* AIM OF THE TASK *
In the material below, find the span from the line with "Graig, W.J., M.A." to the line with "Hamster Hanging Chew" and transcribe only those lines, exactly, ends included, without the pictures.

DATA FOR THIS TASK section start

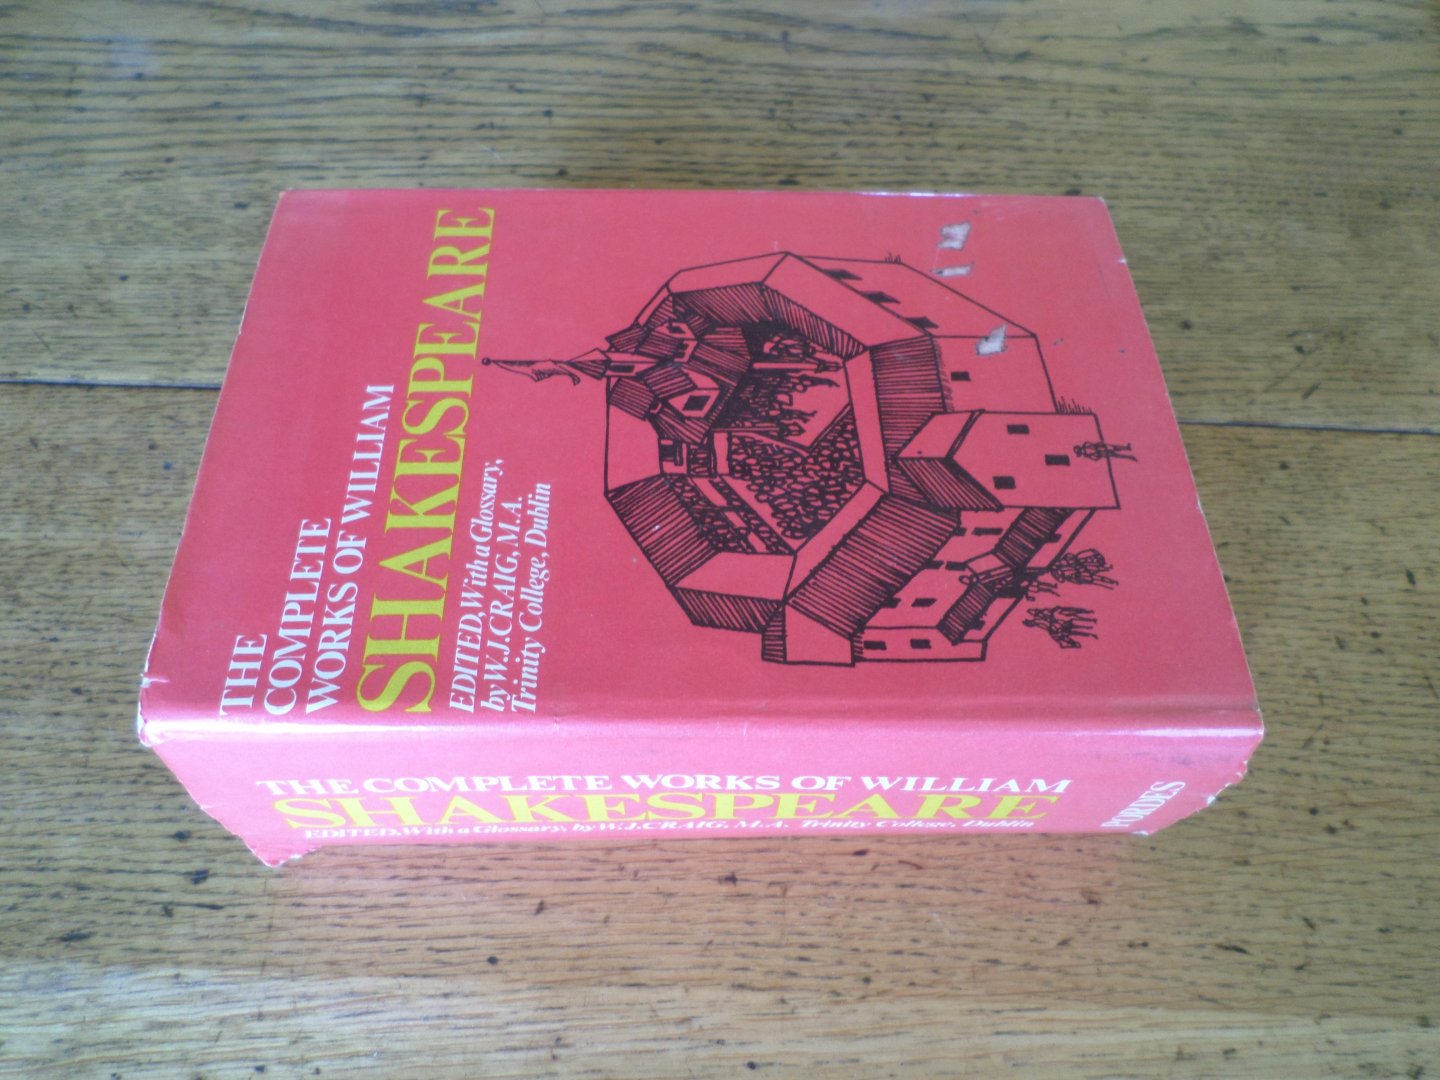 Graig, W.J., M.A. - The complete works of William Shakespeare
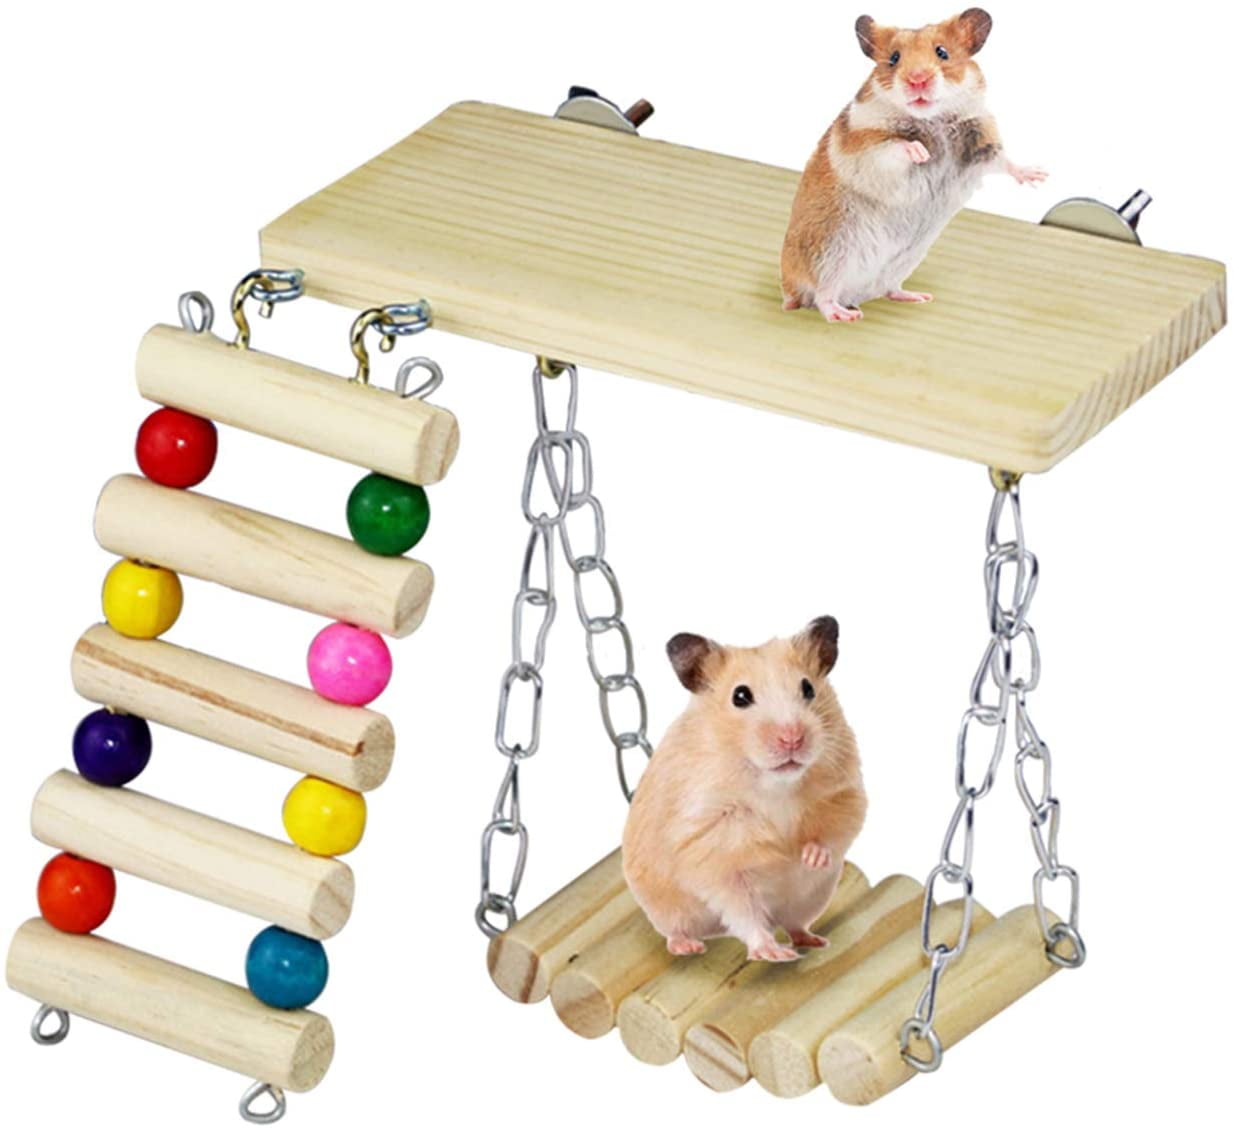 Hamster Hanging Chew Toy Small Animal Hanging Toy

DATA FOR THIS TASK section end
DATA FOR THIS TASK section start

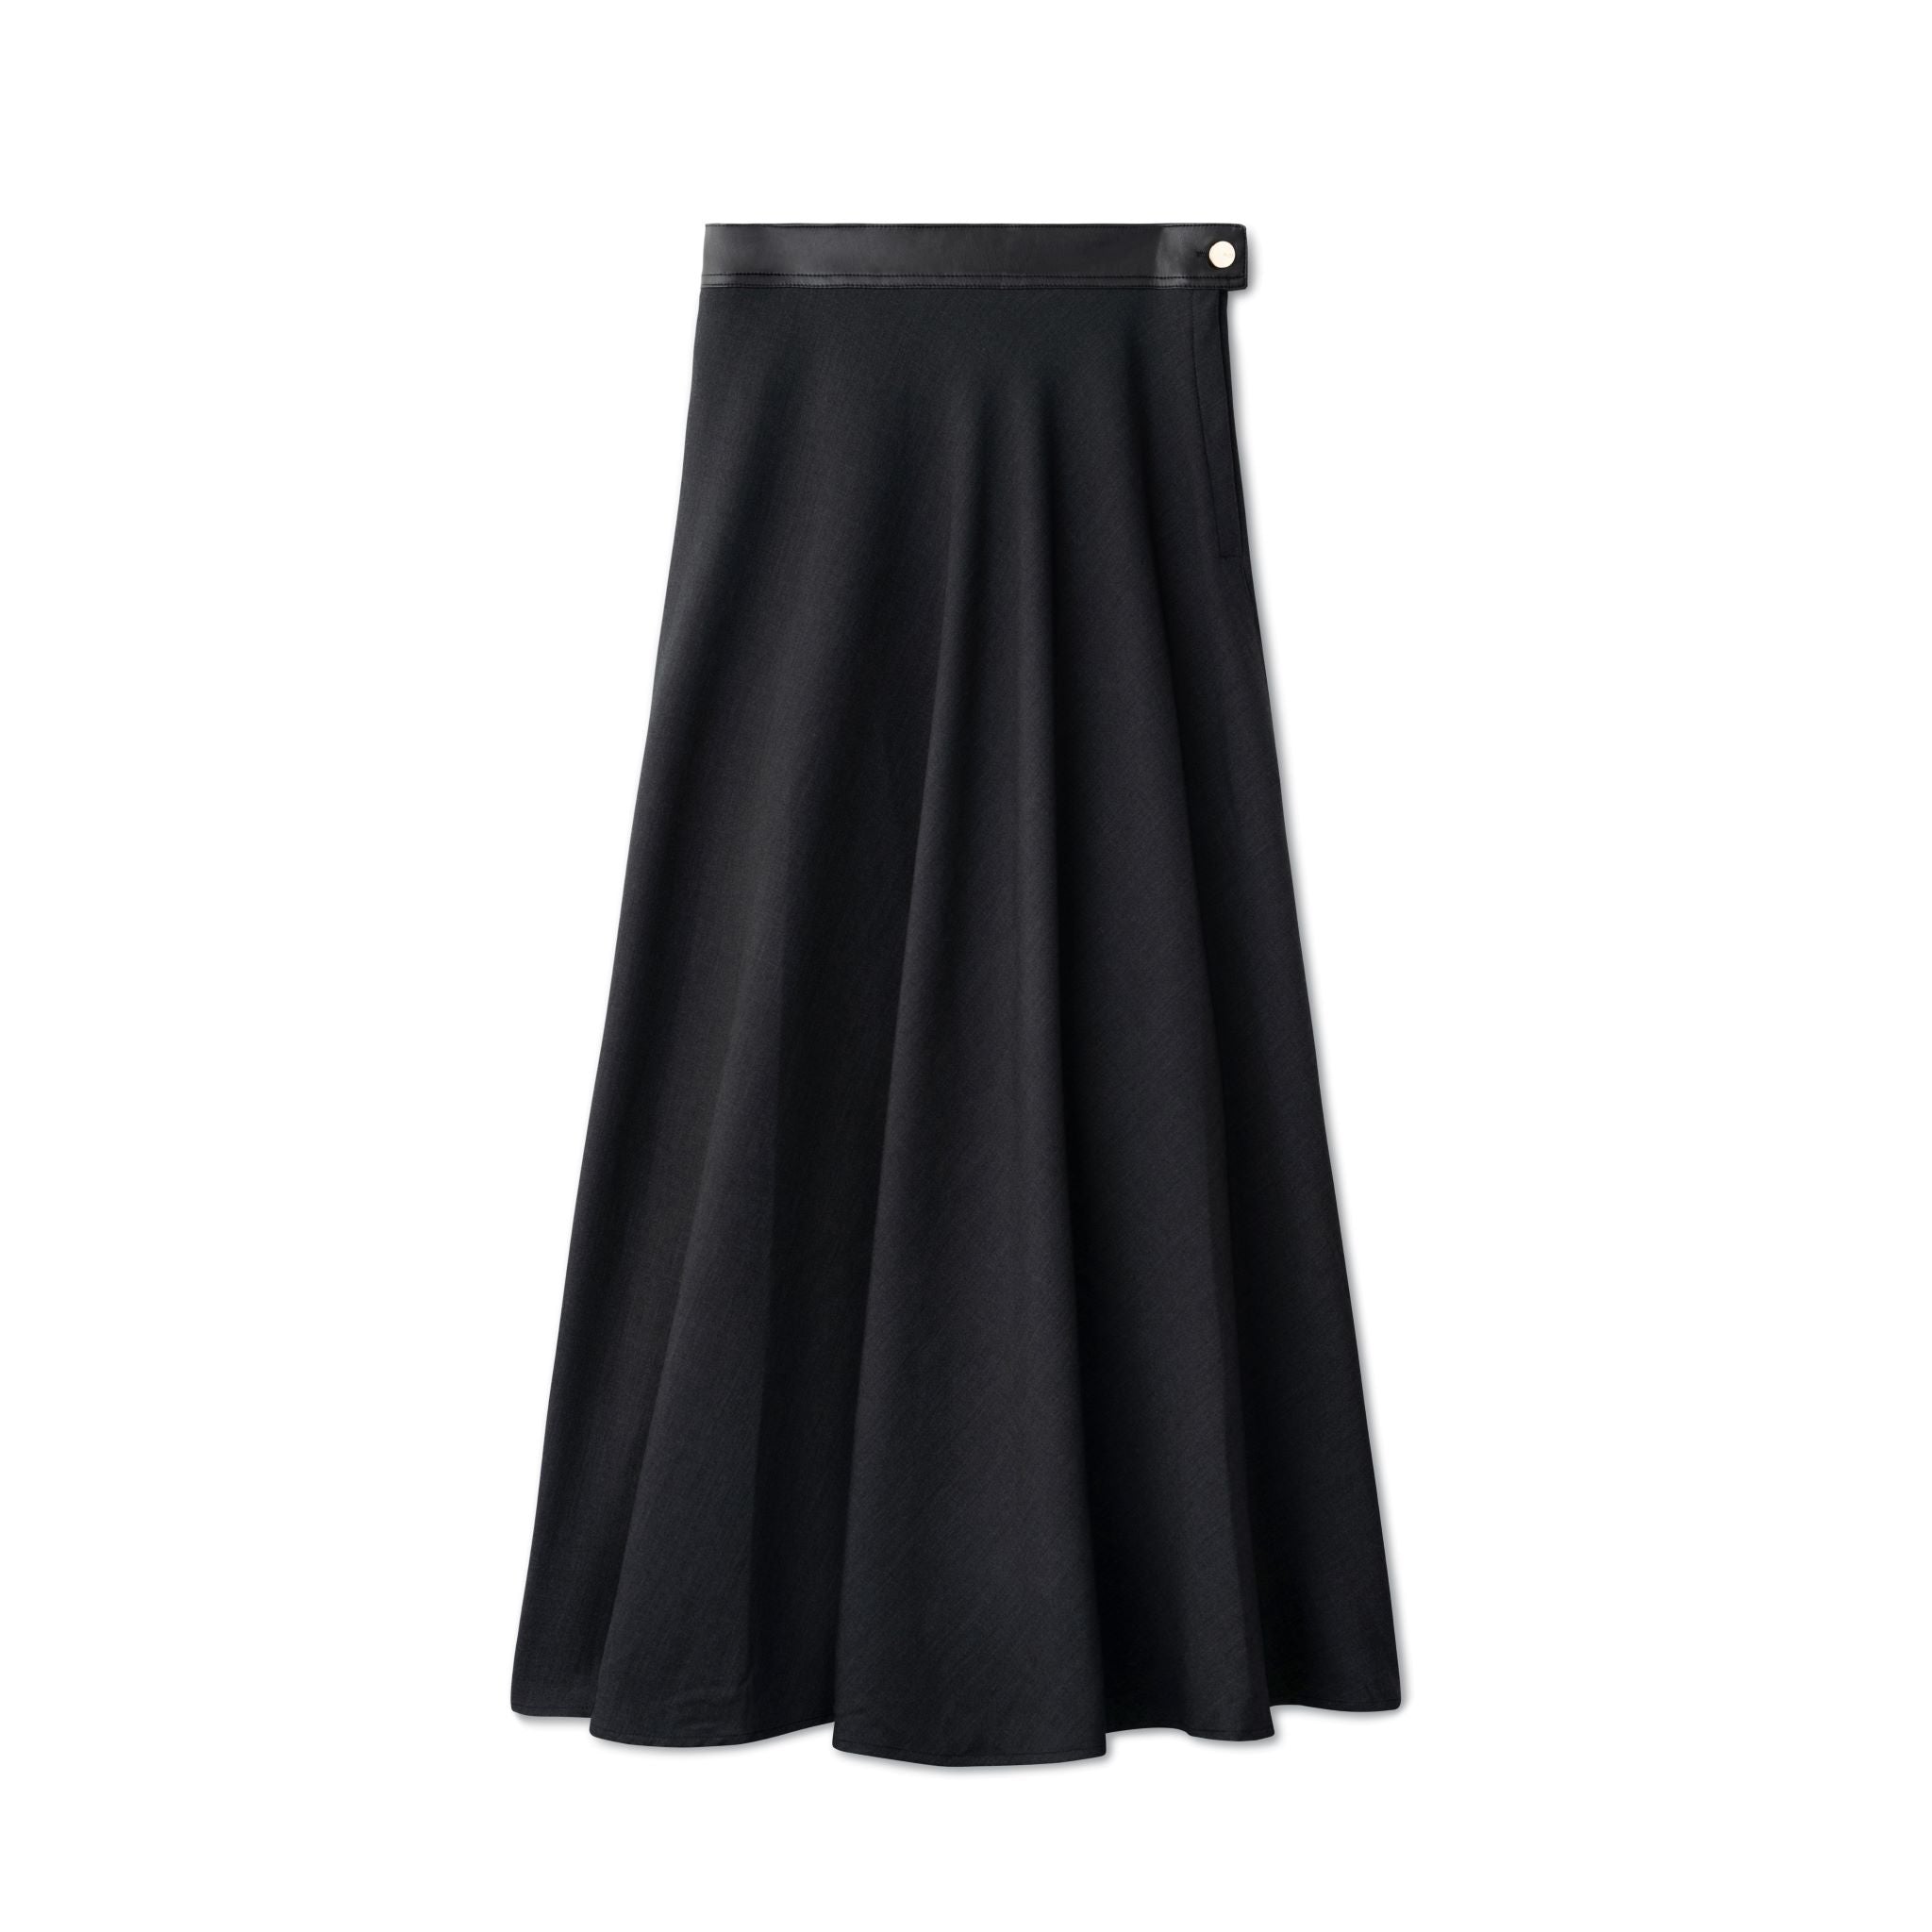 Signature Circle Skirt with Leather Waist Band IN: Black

DATA FOR THIS TASK section end
DATA FOR THIS TASK section start

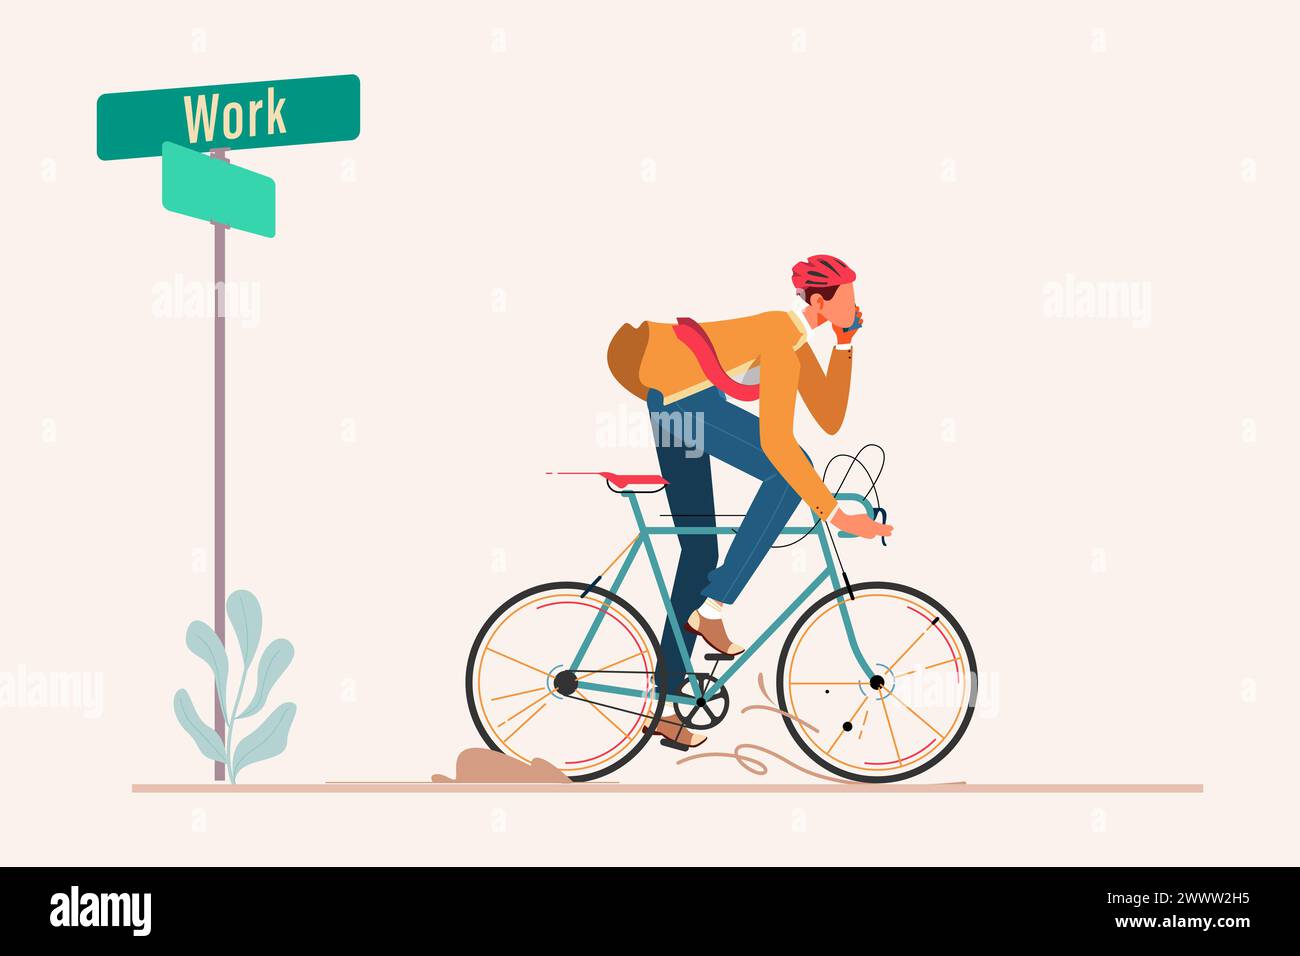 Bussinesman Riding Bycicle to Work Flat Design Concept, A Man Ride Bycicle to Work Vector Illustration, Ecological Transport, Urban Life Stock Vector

DATA FOR THIS TASK section end

* THE ANSWER *
 Graig, W.J., M.A. - The complete works of William Shakespeare
 Hamster Hanging Chew Toy Small Animal Hanging Toy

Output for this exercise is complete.